Groups of Order 6

**pleasehelpme1** · Dec 16th 2009, 07:12 PM

Can anyone prove that there are only 2 non-isomorphic groups of order 6.

**Drexel28** · Dec 16th 2009, 07:49 PM

Originally Posted by pleasehelpme1

Can anyone prove that there are only 2 non-isomorphic groups of order 6.

What knowledge do you have? What theorems do you know that can be used?
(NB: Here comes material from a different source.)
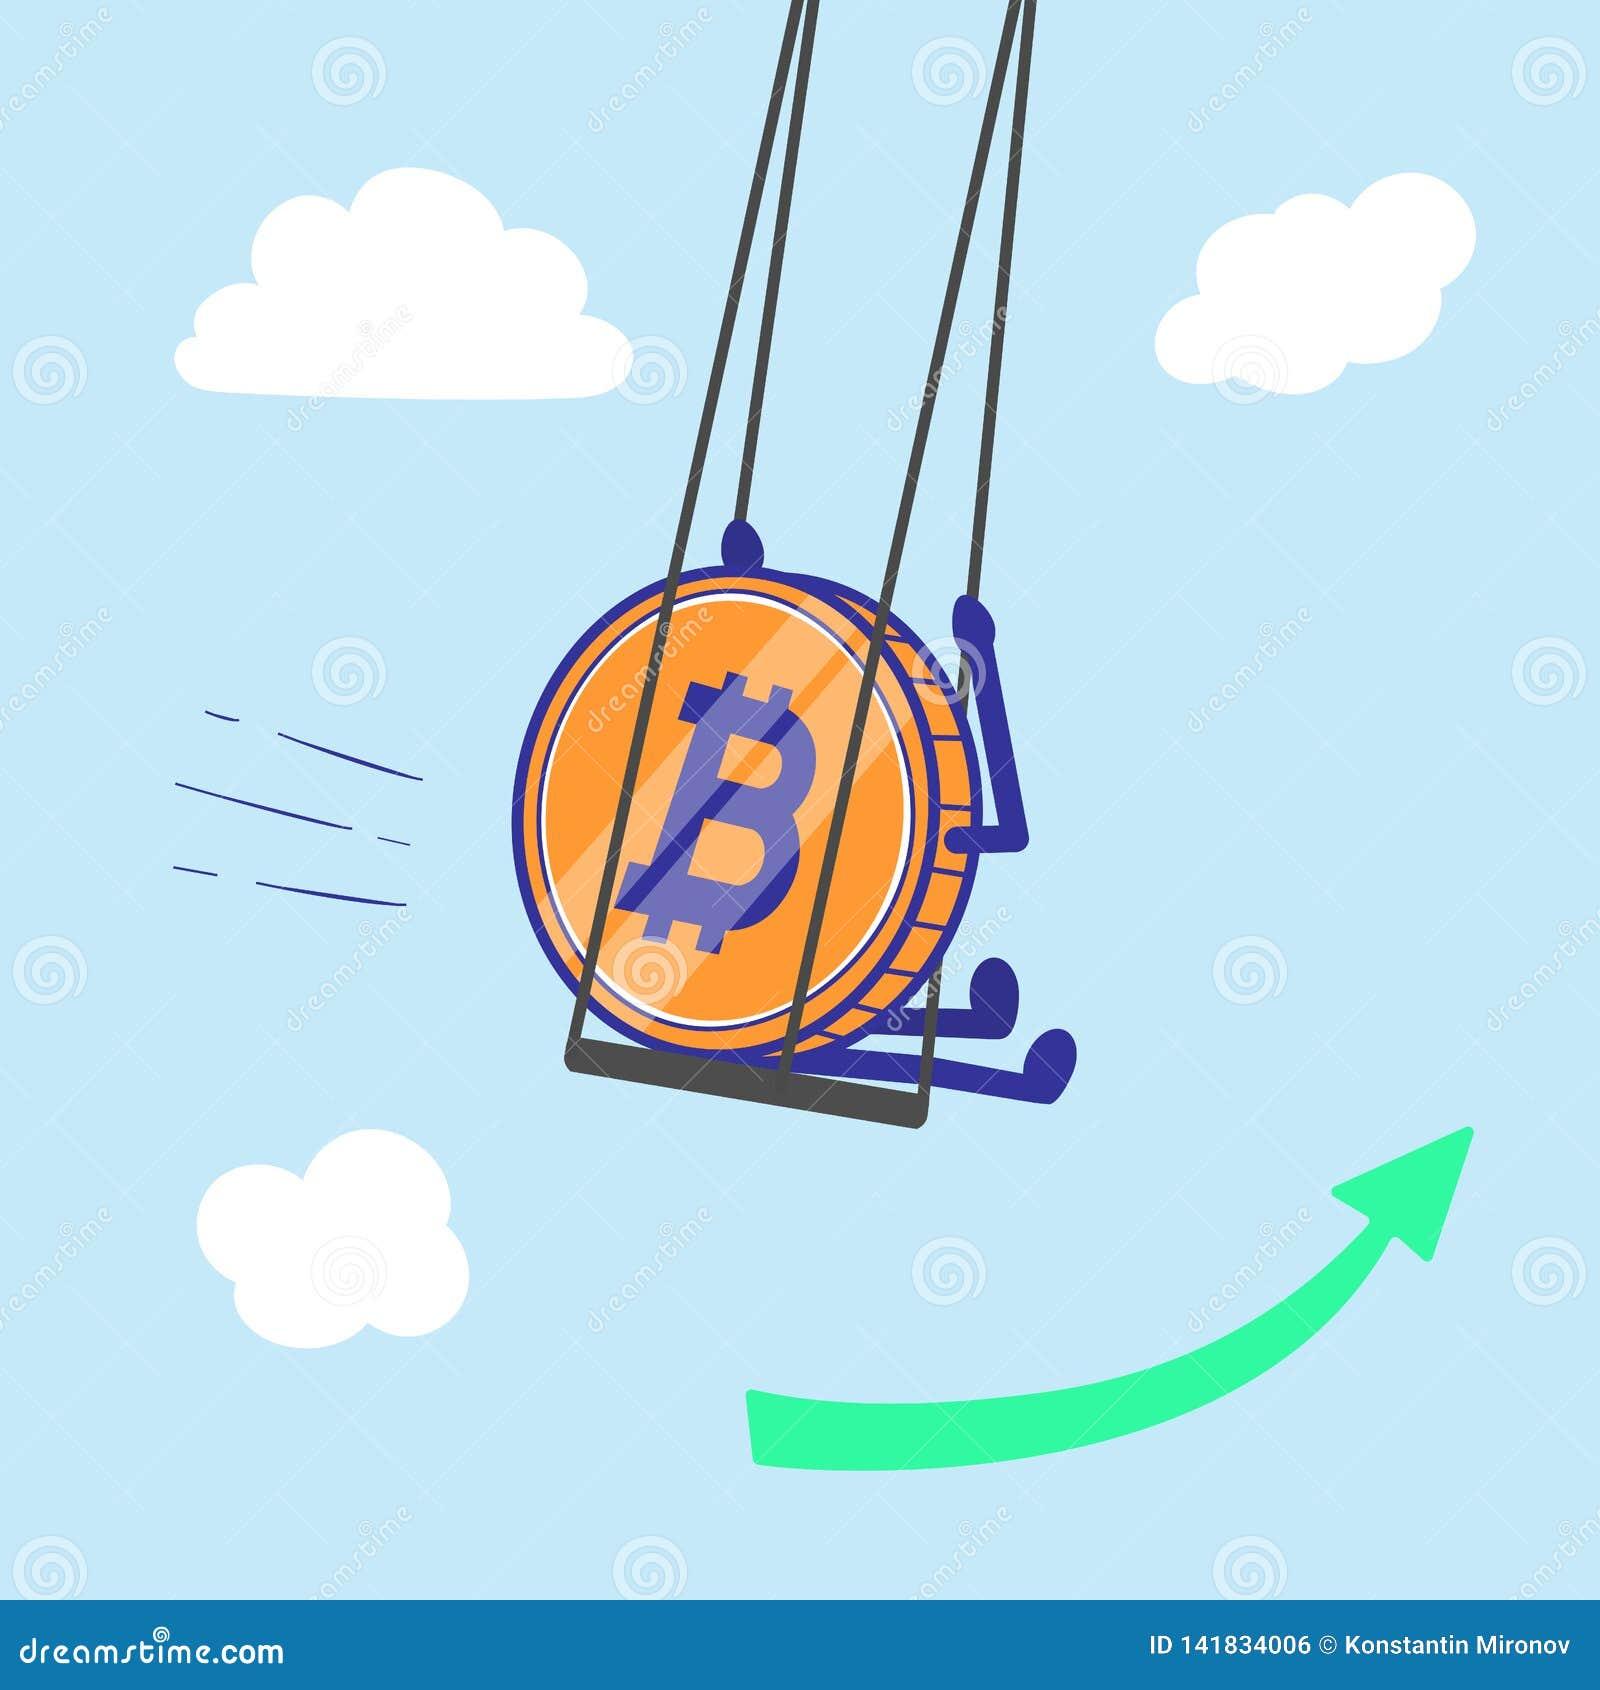 swing btc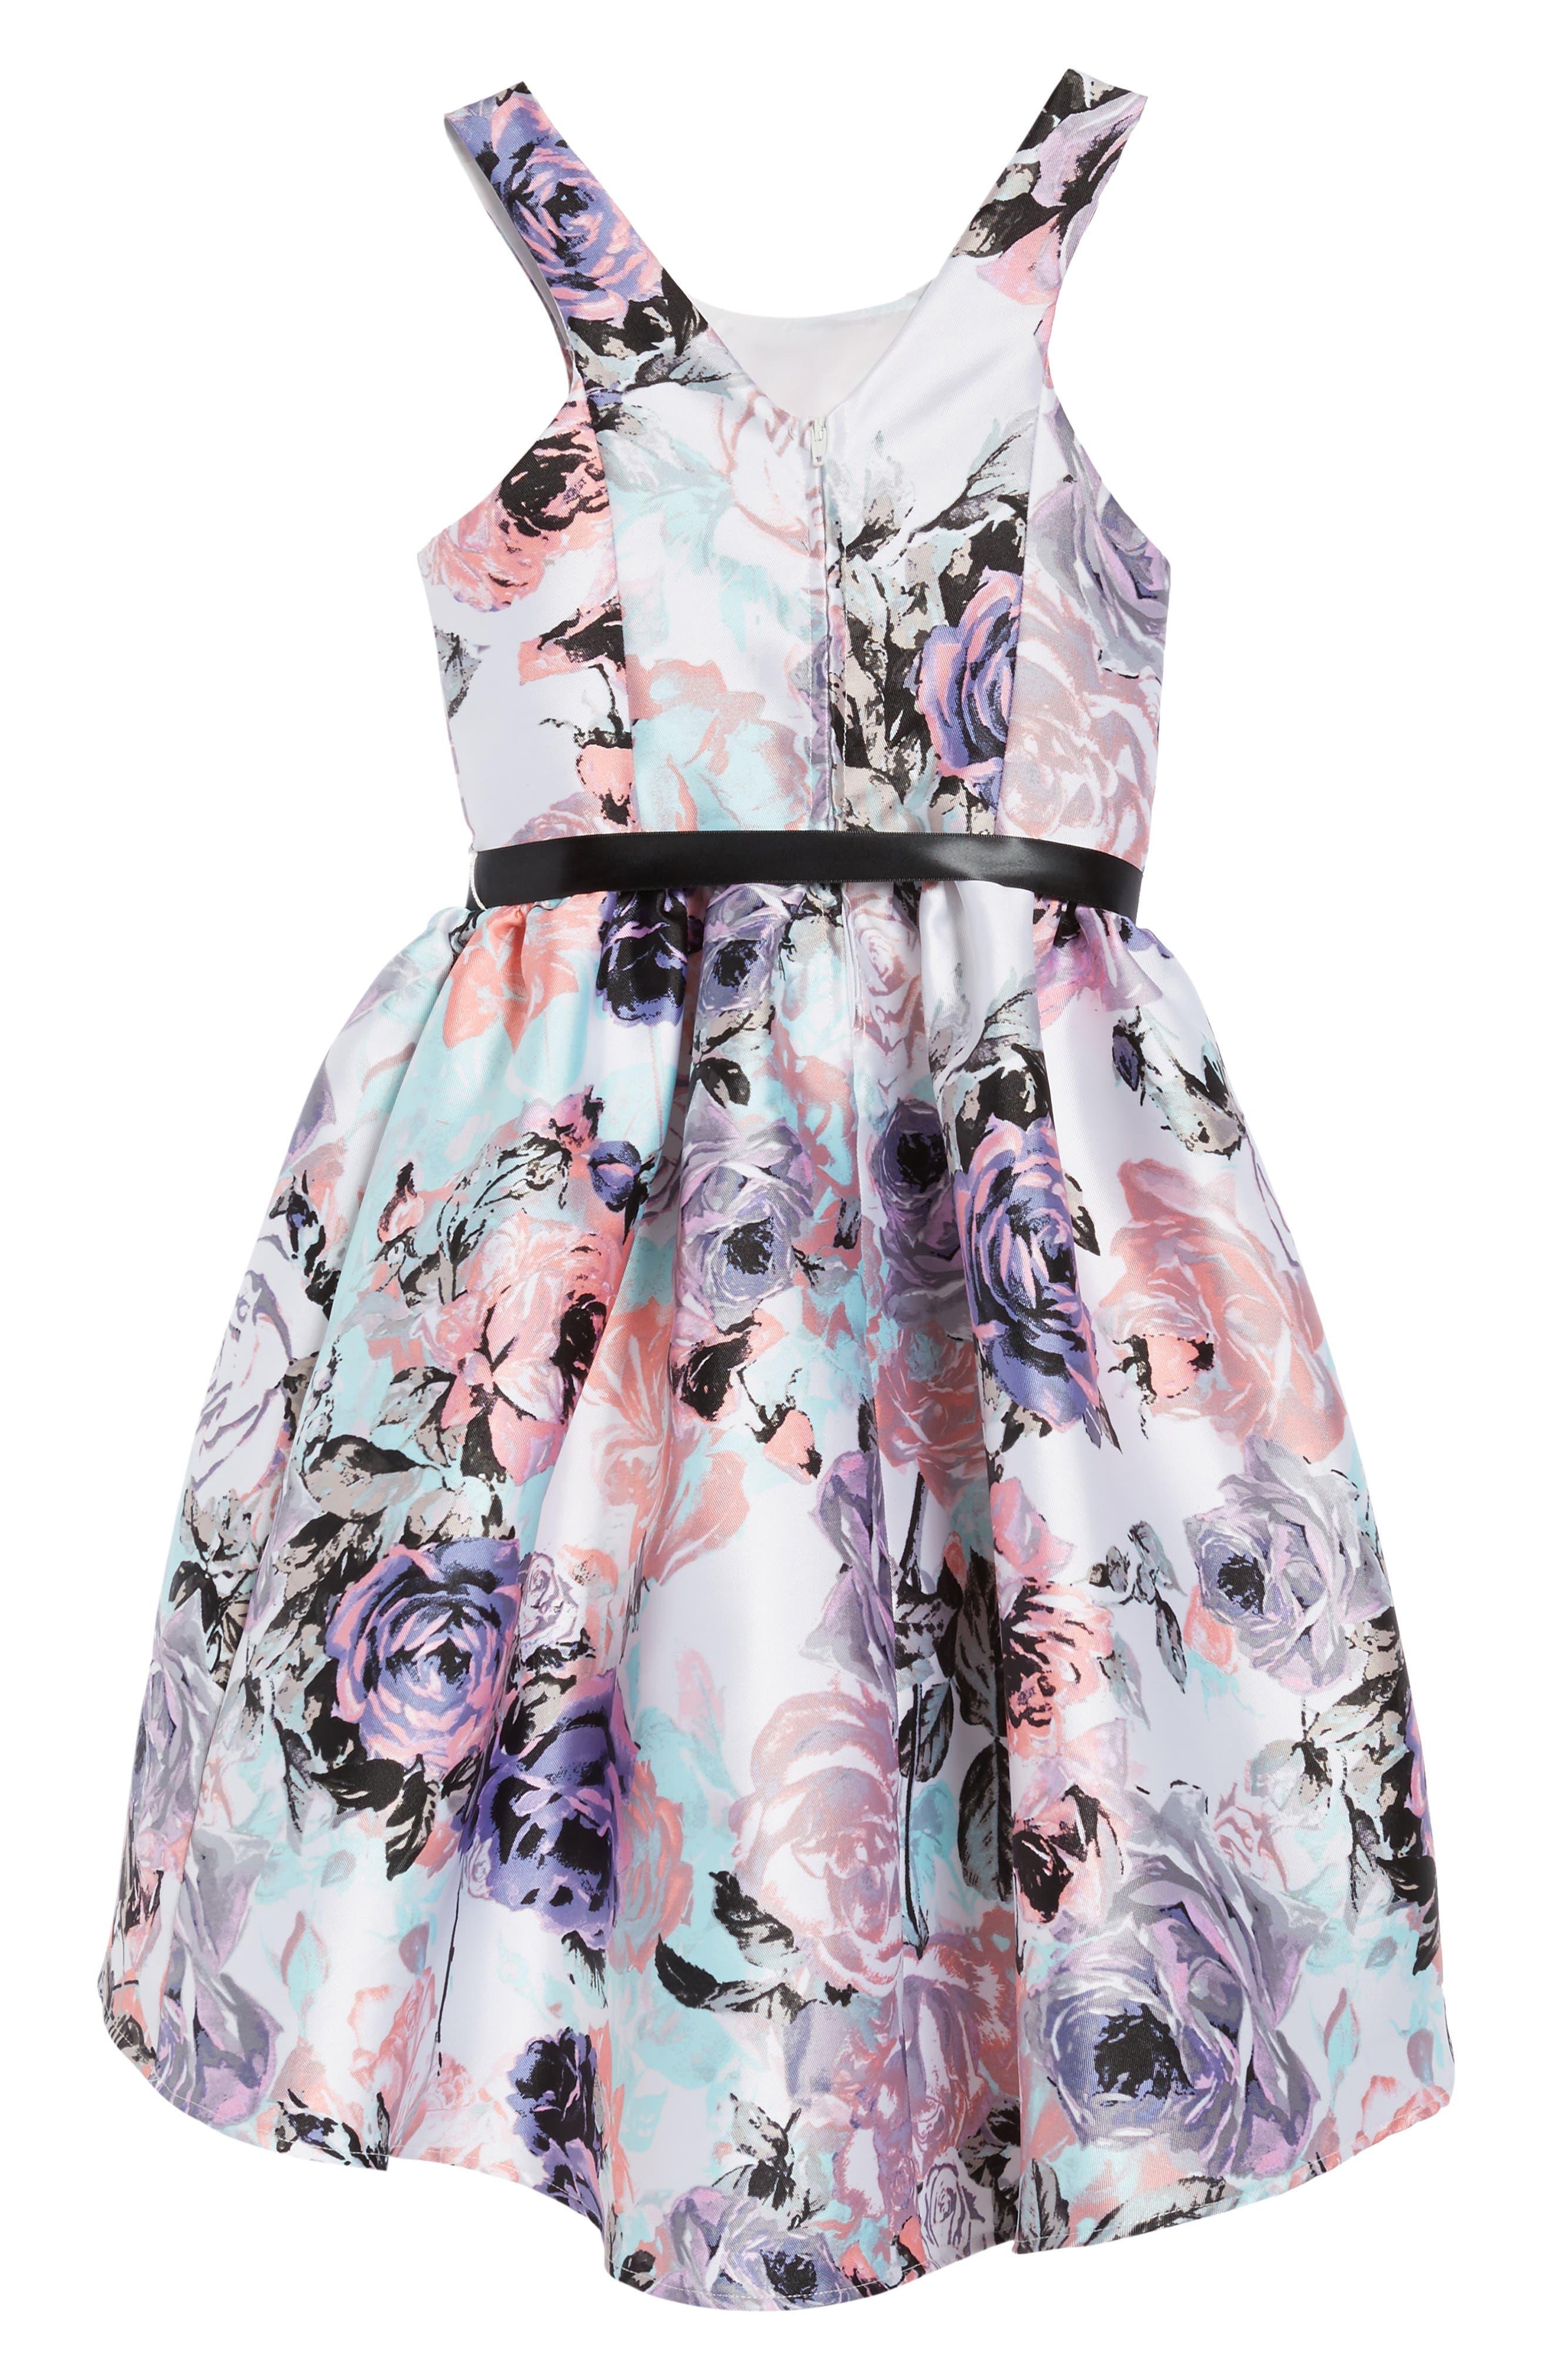 Floral Print Party Dress,                             Alternate thumbnail 3, color,                             Lilac/ Blush

I mean, if you are a masochist you can draw up the Cayley tables.

**NonCommAlg** · Dec 16th 2009, 08:05 PM

it's a nicer problem to prove that for any prime number $p$ there are only two groups (up to isomorphism) of order $2p.$

**pleasehelpme1** · Dec 17th 2009, 04:56 AM

can your prove that then.

that for any prime number

there are only two groups (up to isomorphism) of order

**Dinkydoe** · Dec 18th 2009, 11:39 AM

Every group has generators:

You can start by showing that G is either
1.generated by an element of order 6
2.an element of order 3 and an element of order 2.

Since all orders of the generators divide the group-order
(This follows from the Lagrange Theorem: #[G/H].#[H] = #G
For any subgroup H)

Once you figured that out you show that (1) and (2) are not isomorphic.
Secondly you show that 2 groups G and G' of type (1) are isomorhpic
and 2 groups of type (2) are isomorphic.

(This isomorphism is made by sending generators to generators)

**Swlabr** · Dec 18th 2009, 11:49 AM

Originally Posted by Dinkydoe

Every group has generators:

You can start by showing that G is either
1.generated by an element of order 6
2.an element of order 3 and an element of order 2.

Since all orders of the generators divide the group-order
(This follows from the Lagrange Theorem: #[G/H].#[H] = #G
For any subgroup H)

Once you figured that out you show that (1) and (2) are not isomorphic.
Secondly you show that 2 groups G and G' of type (1) are isomorhpic
and 2 groups of type (2) are isomorphic.

(This isomorphism is made by sending generators to generators)

In (2) you also want the generators to not commute with one another, as otherwise you get your cyclic group again.

**NonCommAlg** · Dec 18th 2009, 12:17 PM

Originally Posted by Swlabr

In (2) you also want the generators to not commute with one another, as otherwise you get your cyclic group again.

suppose G is a group of order 6 and let $x,y \in G$ be with $o(x)=3, \ o(y)=2.$ since $[G:<x>]=2,$ we have $<x> \lhd G.$ now consider two cases:

1) $xy=yx$ : in this case $o(xy)=6=|G|$ and thus $G = <xy> \cong C_6.$ where $C_6$ is the cyclic group of order 6.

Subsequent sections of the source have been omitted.